Regardless of the outcome of today’s runoff election in Mississippi between incumbent Republican Senator Cindy Hyde-Smith and Democratic challenger Mike Espy, Senator Hyde-Smith will have exposed herself at the very least as an insensitive idiot through her recent remarks, and more likely as someone whose cossetted upbringing among conservative white people in Mississippi never gave her an idea how offensively her remarks would be received by those outside that bubble.
John C. Stennis takes his seat in the Mississippi House of Representatives in 1928, the same year he received his law degree from the University of Virginia. Between 1928, when Mr.
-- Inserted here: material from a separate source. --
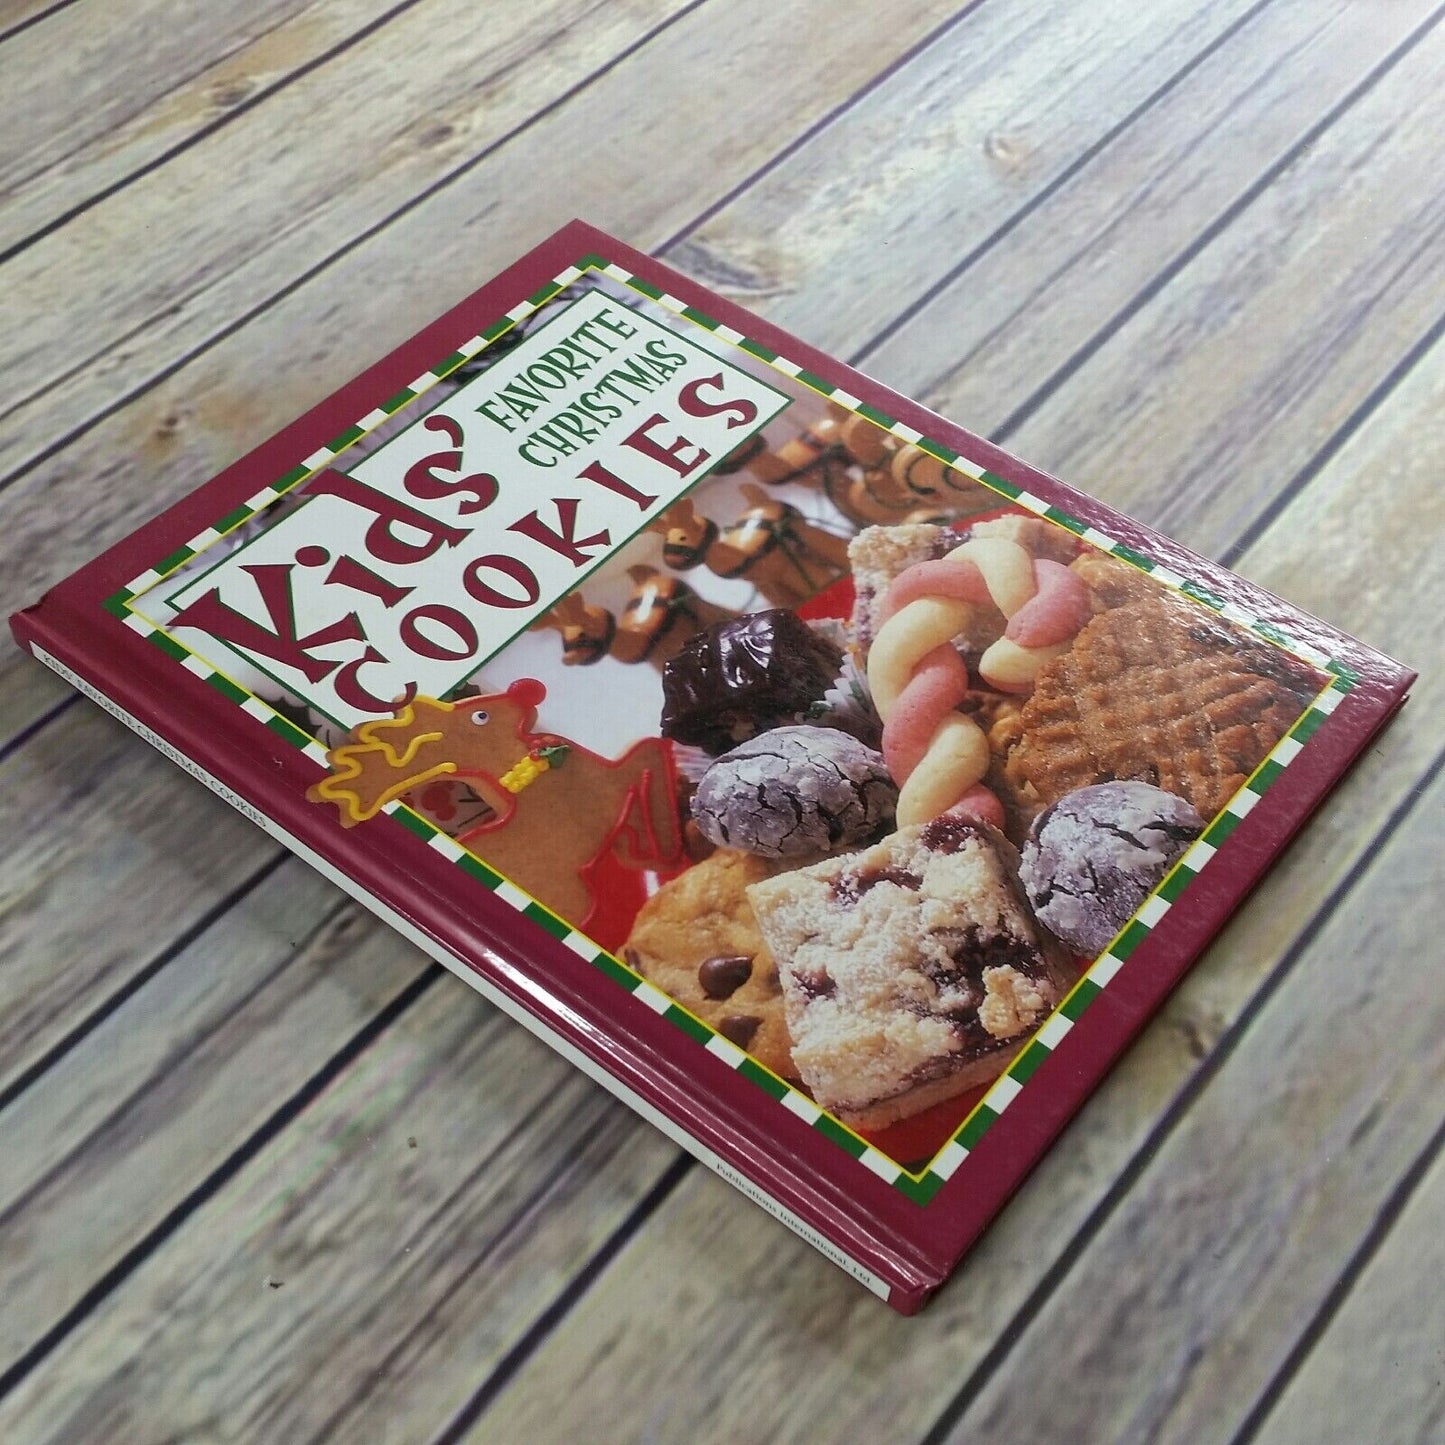 Kids Favorite Christmas Cookies Cookbook Hardcover 1999 Publications International

Stennis started his career in government as a Democrat, and 1988, his last year as a senator from Mississippi, the major political parties realigned, with the major shift coming in reaction to Civil Rights legislation passed during the Lyndon Johnson presidential administration.
Senator Hyde-Smith has of course attacked those attacking her for her idiotic remarks regarding public hanging and vote suppression because that is what plays best these days among emboldened white supremacist fascists in the Make America Great Again (MAGA) crowd which constitutes her major constituency. Retractions and sincere apologies are signs of weakness to those people, who would call for her lynching if she ever showed any human decency. Instead she has claimed her words were twisted by the media and by her political foes, even though she can be seen speaking those very words on video. As for suppressing the votes of liberals, she says she was only kidding.
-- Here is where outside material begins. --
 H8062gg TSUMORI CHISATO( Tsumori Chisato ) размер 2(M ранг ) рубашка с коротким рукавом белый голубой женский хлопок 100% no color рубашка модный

Ha-ha, Senator Hyde-Smith, you are very funny with your joking about Jim Crow vote suppression of liberals, by which of course everyone in the 37 percent black state of Mississippi knows you mean suppressing the votes of black folks. That stuff is indeed side-splittingly funny! And your “good old gal” remark about how you like someone so much that you’d be at the front row of a public hanging if he invited you, by which everyone in the state of Mississippi, where public lynching of black folks over 100 years from the Civil War to the Civil Rights era was a well-known occurrence, why that’s a knee-slapper, and goodness knows little ol’ you meant no harm by it, did you, Sugar? Bless your heart!
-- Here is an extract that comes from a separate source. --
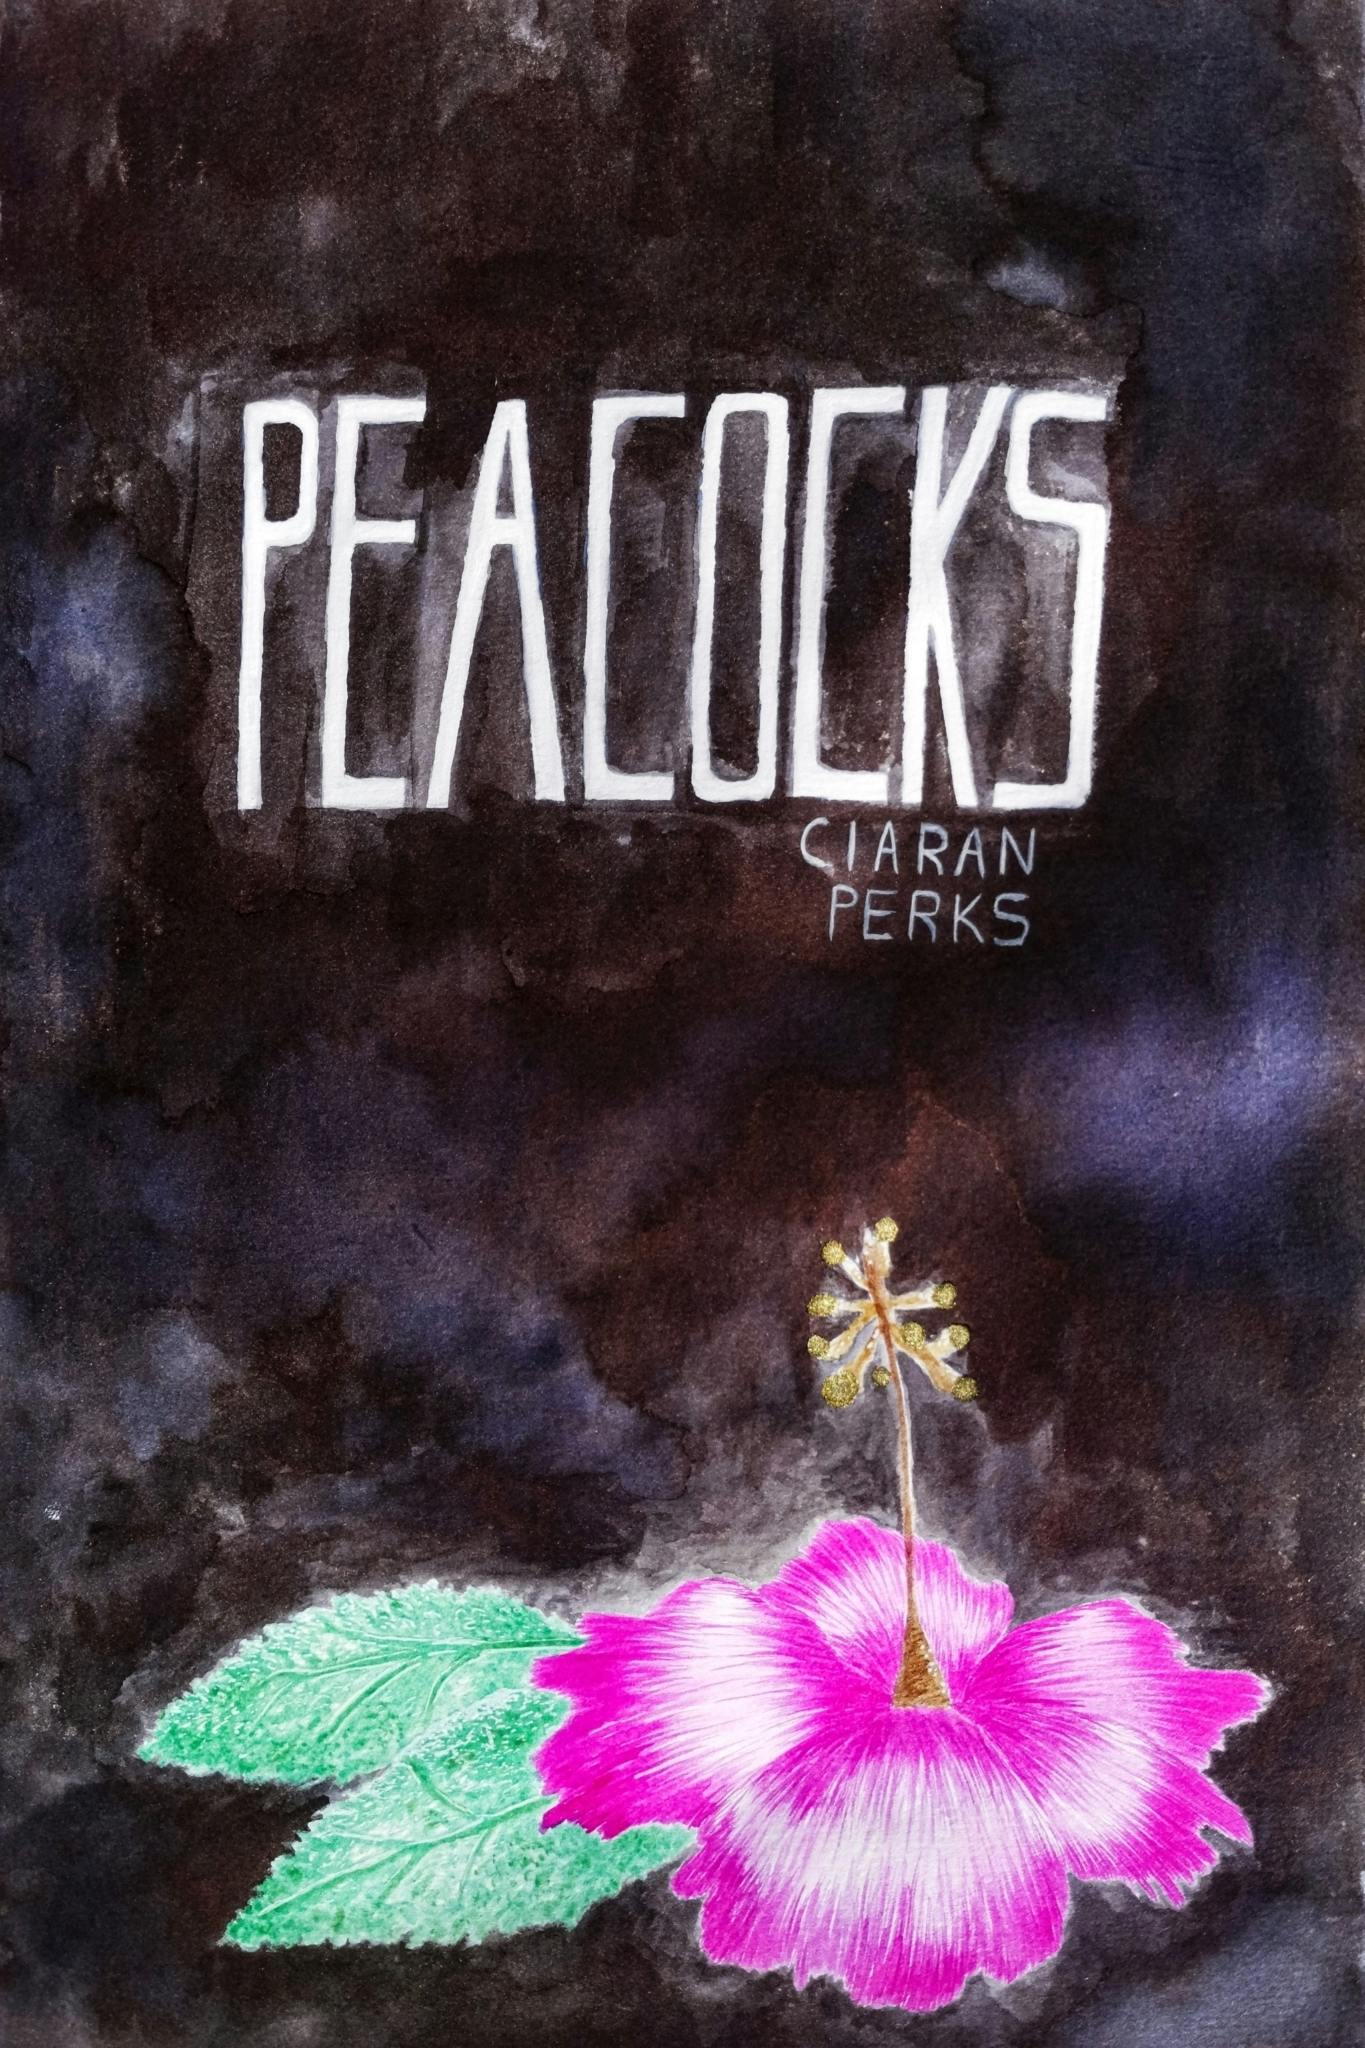 Peacocks Illusory Poems

It is likely that hundreds of thousands of Mississippianswill vote for Senator Hyde-Smith in the runoff election. Unless those voters were living under a rock, they had to have heard the Senator’s remarks or heard of them. They will vote for her anyway. For too many of them, most likely the MAGA fanatics among them, her recent remarks will be reason enough to vote for her. She is an awful person, and like the awful person currently occupying the Oval Office of the White House, she is a symptom of what’s wrong with the country, not the disease. The disease is carried by all those voters in Mississippi and elsewhere who are laughing with her, rather than being appalled not just by her remarks, but by the mindset that brought them out of her mouth in the first place, and then made her turn on everyone but herself to quiet the uproar over them. Look at your friends, neighbors, and family for those carrying the disease of not taking cruelty seriously, and laughing at the debasement of the Other.
— Vita
Secretary of Defense designate Elliot Richardson, right, talks with Senator John C. Stennis, D-Miss., chairman of the Senate Armed Services Committee, prior to his nomination hearing at the U.S. Capitol on January 10, 1973. By the 1970s, Republican conversion of conservative southern Democrats was nearly complete. Mr. Stennis would retain his Democratic Party affiliation through the remainder of his career, though in name only since he was aligned ideologically with conservative Republicans. In 1982, he was the last Democratic senator elected from Mississippi.